In addition to these steps, adjustments to supplier capacity
that can be delivered to a destination may be appropriate. One
possible adjustment could be to consider other destinations that
provide selling opportunities for suppliers and the likelihood that
supplier's opportunities may alter their capacity available for
delivery to a particular destination market. A computer model is one
tool that could be used to assess the effect of these alternatives
in a delivered price test. Staff seeks comments on whether these
types of adjustment may be appropriate in a delivered price test and
how a model could be used for this purpose.
Finally, computer models hold additional potential for
application in other areas of the competitive analysis of mergers.
In the next section, staff seeks comment on these and other issues.
Issues/Questions for a Technical Conference
Below are questions for comment and perhaps also discussion at a
technical conference. Commentors should also raise any other issues
they believe need to be considered. In considering these questions
or in raising further issues, it is important to specify whether the
model is intended primarily as a screening tool or as a detailed and
full analytical tool. In the former case the model must therefore
strike a balance between detail (with the presumption of greater
accuracy and precision) and ease of application within the
requirements for a screen.
Questions are listed in five groups: basic model structure,
implementing the basic structure, data issues, application to merger
analysis and process issues.
Basic Model Structure
The sample model assumes the general form of a mathematical
programming problem. Is this the most appropriate technique to
simulate economic equilibrium problems in the electricity market?
Please be explicit about any proposed alternatives.
The sample model is structured as a linear program. Would
another mathematical programming form be better (for example, a
quadratic program with piecewise linear supply curves)?
Demands are assumed to be fixed in the sample program, so the
demand side of the market is not represented in the sample model.
Should demands be made responsive to price? If so, what is the
appropriate price elasticity? Should the objective function then be
to maximize social welfare (the sum of producer plus consumer
surplus)?
The sample model uses distribution factors to estimate power
transmission flows. Is this approach adequate? Should Commission
staff rely on transmission distribution factors supplied by others
(either NERC or another third party) or perform its own transmission
system analysis to derive distribution factors for market analysis?
In the sample model, the generator cost functions are
represented as a constant variable cost for a unit, even though unit
efficiencies vary over the operating range of a generating unit. Is
a formulation with a constant variable cost sufficient for purposes
of a screening model? Are there alternative formulations of the cost
function that can be easily implemented with available information?
How should generating unit availabilities and losses be
represented in the model? Could availabilities be treated outside
the model, as adjustments to available capacity for each time period
studied? Should losses be represented only for transmission flows,
or for all generation and transmission, and should different loss
factors be supplied for each area? Should losses associated with
generation or load within each area be treated differently from
losses associated with transmission exchanges or flows across areas?
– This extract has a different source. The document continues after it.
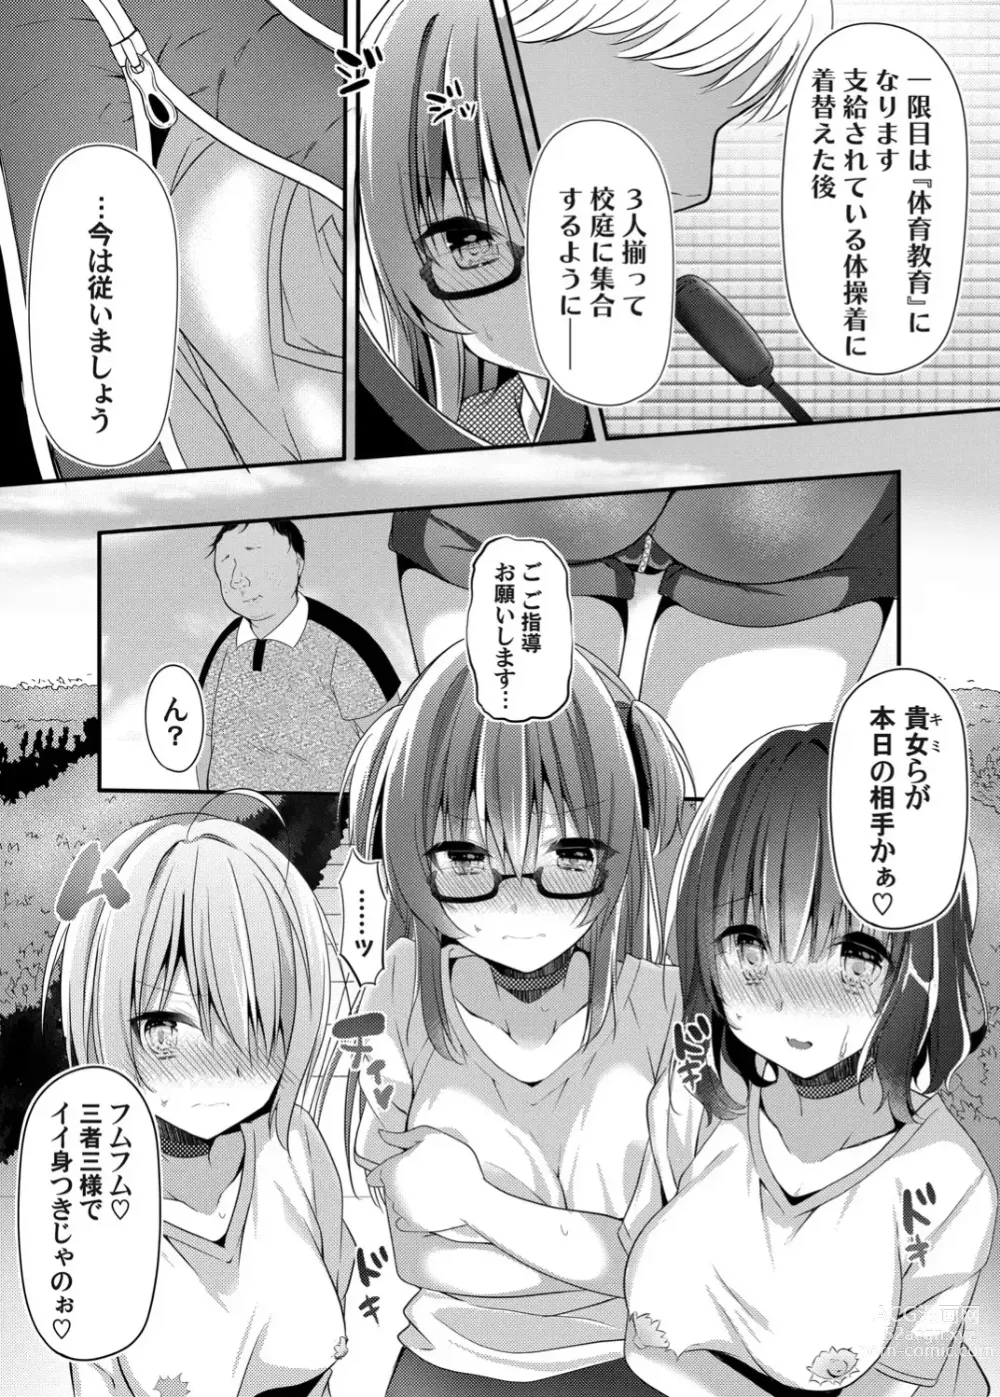 Page 23 of doujinshi Botsuraku Lady no Hakoniwa Showtime
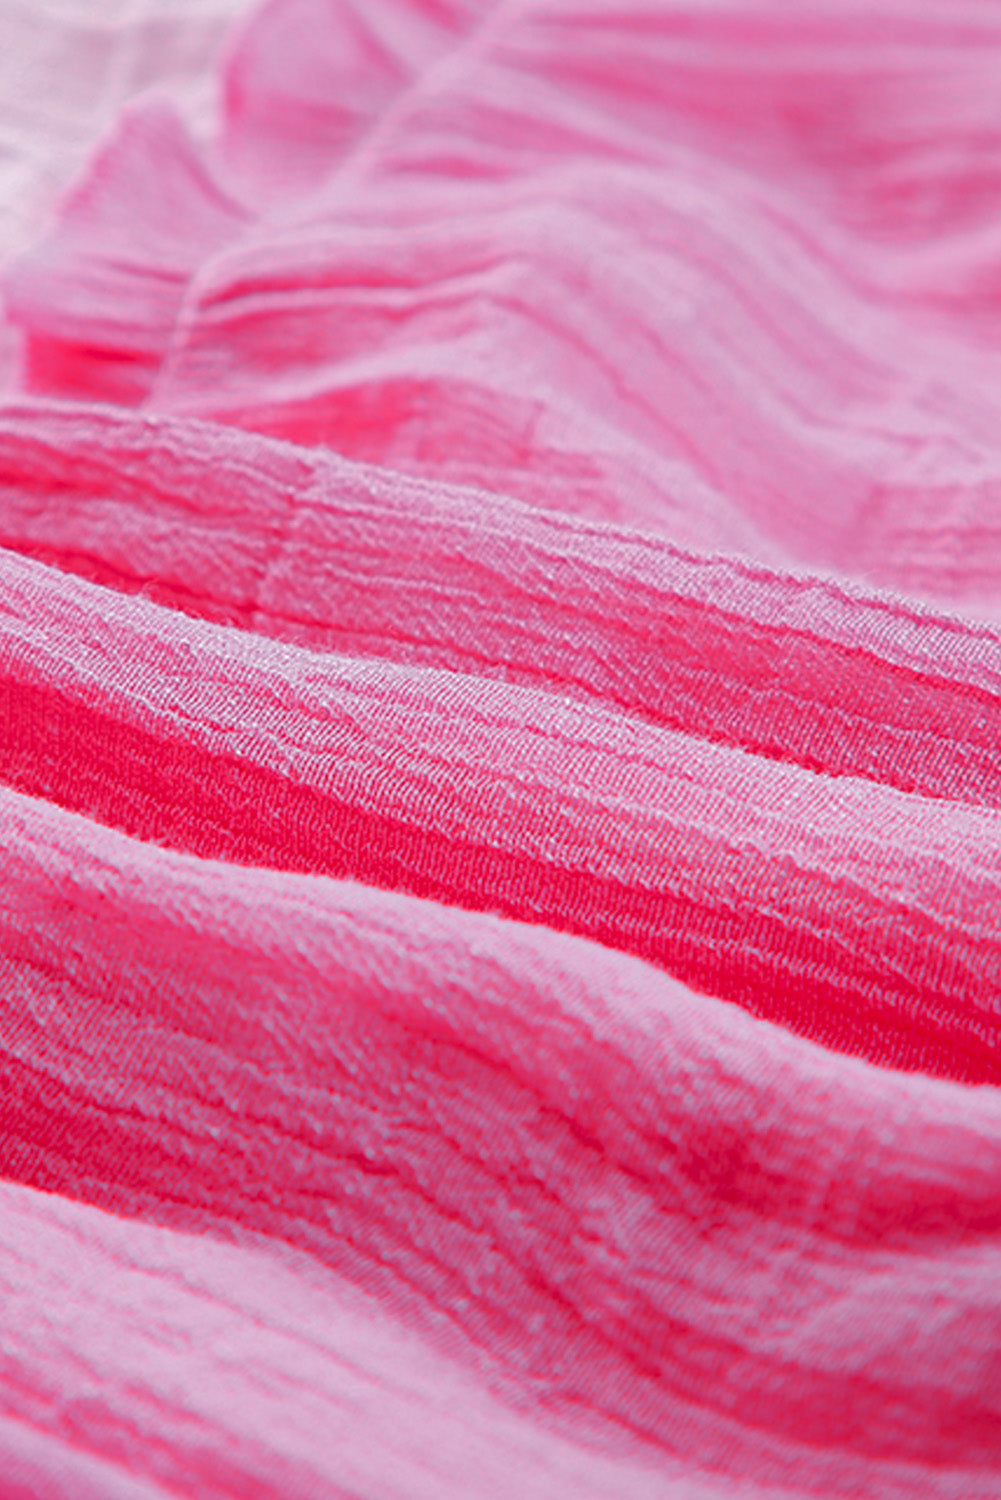 Robe à plusieurs niveaux en blocs de couleurs ombrés rose

Should losses be transaction based or flow based?
How should generation and transmission reserve requirements be
modeled? How should transmission reserve margin (TRM) and capacity
benefit margin (CBM) be used?
[[Page 20403]]
What additional adjustments are required to account for generation
operating reserves, generation planning reserves, or transmission
reserves?
Are there other operating conditions that would need to be
represented in a model for screening purposes? For example, would a
model need to represent operating costs for startup or ramping in
order to capture whether particular unit might be available to
respond to price increases? Are there any special design
considerations for hydropower that need to be incorporated in the
model, and how can these best be added?
Alternative Implementation of Basic Model
Is a geographic level of detail corresponding to control areas
the best level of detail for purposes of a screening model? If a
greater level of detail is necessary, please explain how this detail
can be represented with public sources of data or how it can be made
part of the filing requirements. Also explain how a more complex
analysis with a detailed model could be conducted within the time
requirements of a screening analysis. If geographic areas larger
than control areas are recommended, please explain how the approach
could adequately capture competitive issues required in a merger
screen.
The model represents transactions between control areas.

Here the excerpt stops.